Meta Platforms META.O, Microsoft MSFT.O, Apple AAPL.O and Tesla TSLA.O are the headlining acts in what is a key week for megacap earnings.

Considering they are among the top market caps in the world, their price impact will have the potential to move the markets. Their combined value is just over 16% of the entire S&P 500 .SPX and two of them, MSFT and AAPL, are in the Dow .DJI.

All four stocks underperformed the S&P 500 last year, and so far this year, only META is in positive territory, with a gain of around 2%.

In his weekly market letter, Jay Woods, chief market strategist at Freedom Capital Markets, takes a deeper dive into Meta as he says it's become the poster child of the decline in the AI trade.

META fell as much as 27% from its August peak near $800 to a low just under $600.

According to Woods, after last quarter’s report, shares were punished for an increase in spending despite solid results. Now, heading into Wednesday afternoon’s earnings, shares are attempting to cross back above resistance at their 200-day moving average.

"Last quarter’s post earnings drop was due to two factors - a one-time large tax charge dragged earnings per share well below expectations and management guided to significantly higher capital expenditures to fuel AI infrastructure," writes Woods.

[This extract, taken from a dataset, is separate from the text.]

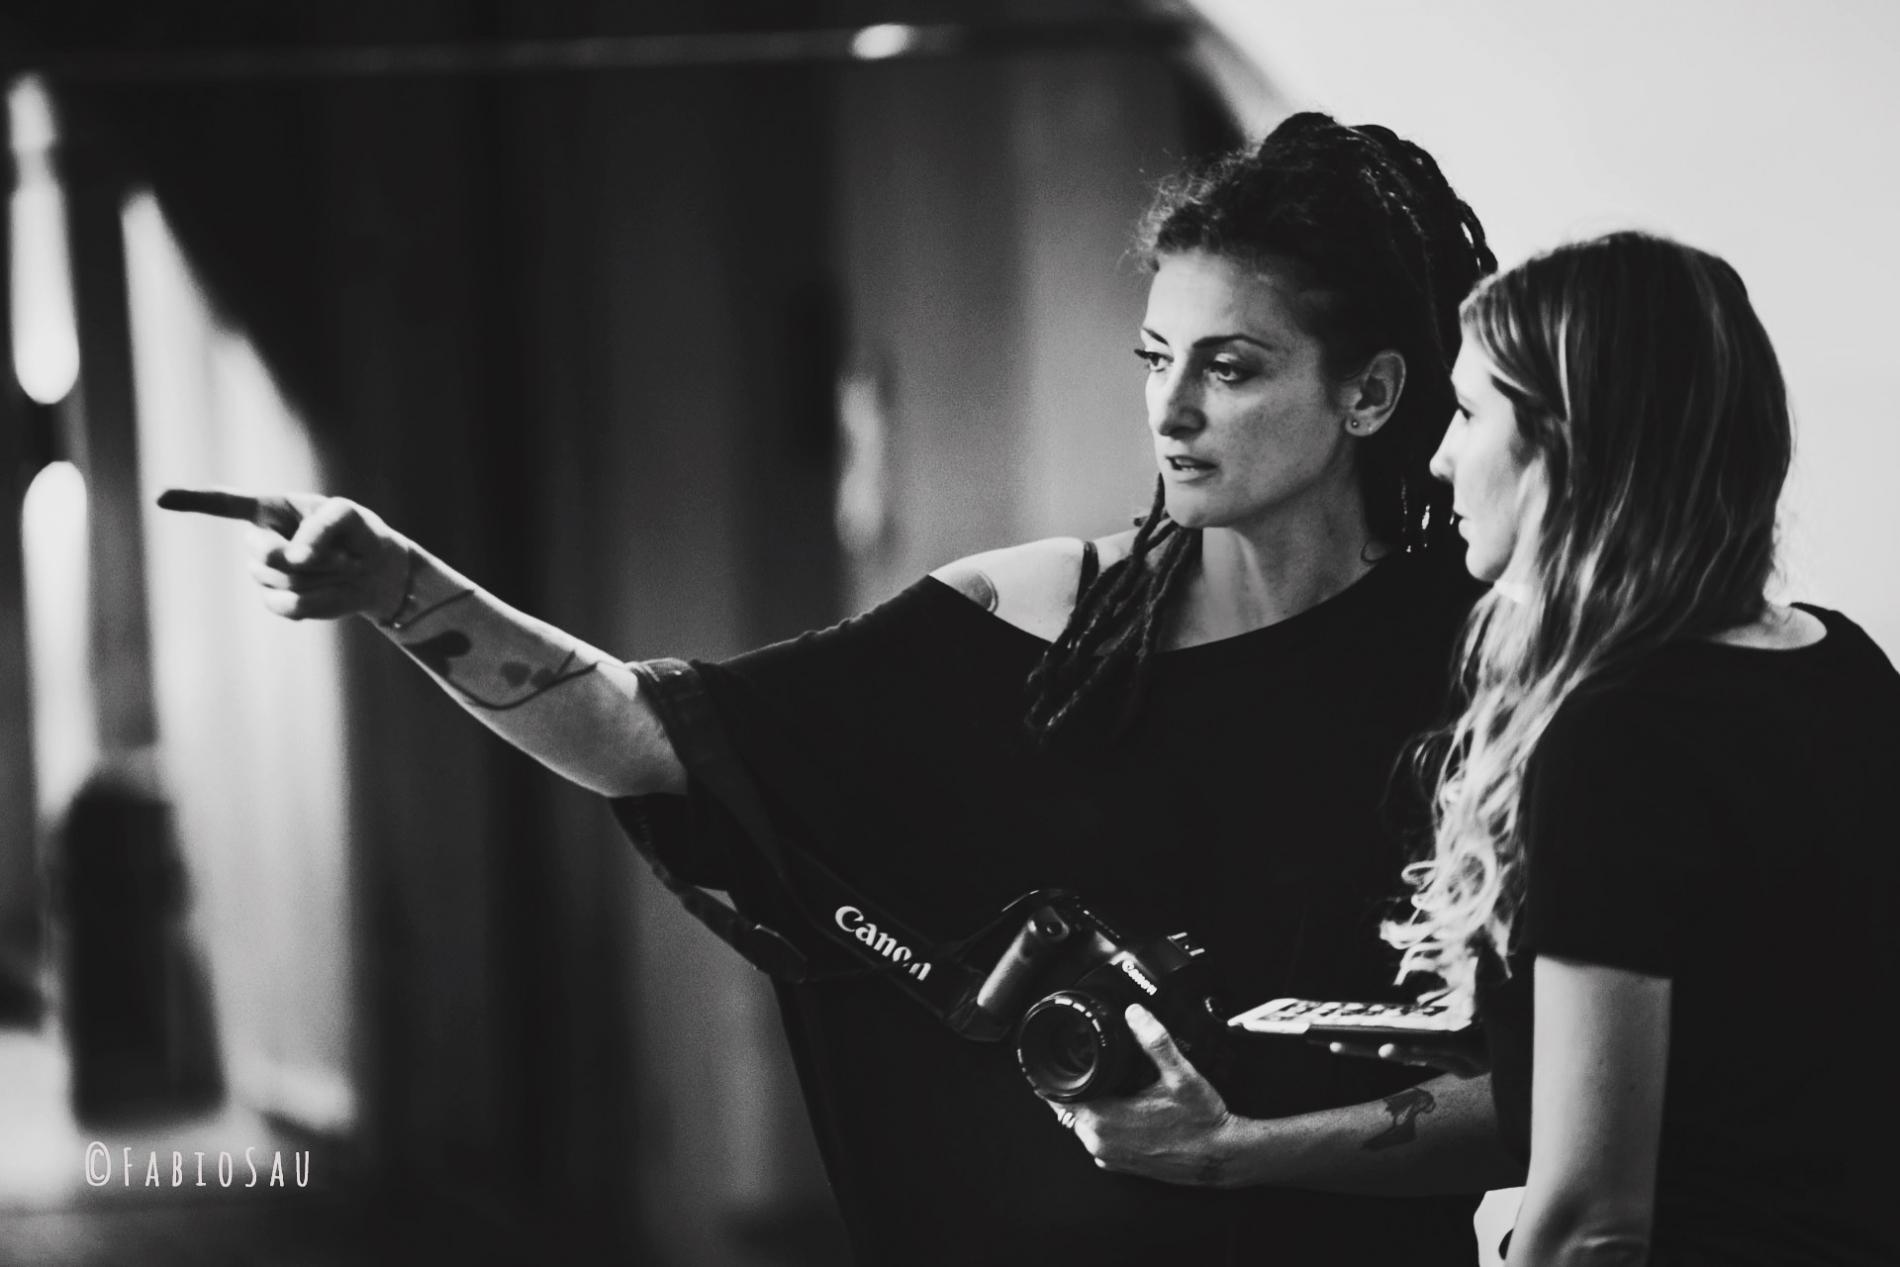 Melissa Iannace Wedding Photographer during a recent shoot

He adds, "spend had excited investors previously, but shareholders are now looking for returns on AI expenditures."

Woods argues that instead of rewarding the optimistic spend, it actually spooked investors' views surrounding the near-term profitability picture. Additionally, the market responded negatively to elevated spending plans and margin pressure, leading to broader profit-taking and a sell-off in the shares.

As Woods sees it, "traders will be curious to learn about new cutbacks in their virtual reality ‘Reality Labs’ department. Also, how is ad growth adding to its bottom line? Lastly, and most importantly, what is the future CapEx spend looking like and has their AI spend started to see a return on its investment?"

(Terence Gabriel)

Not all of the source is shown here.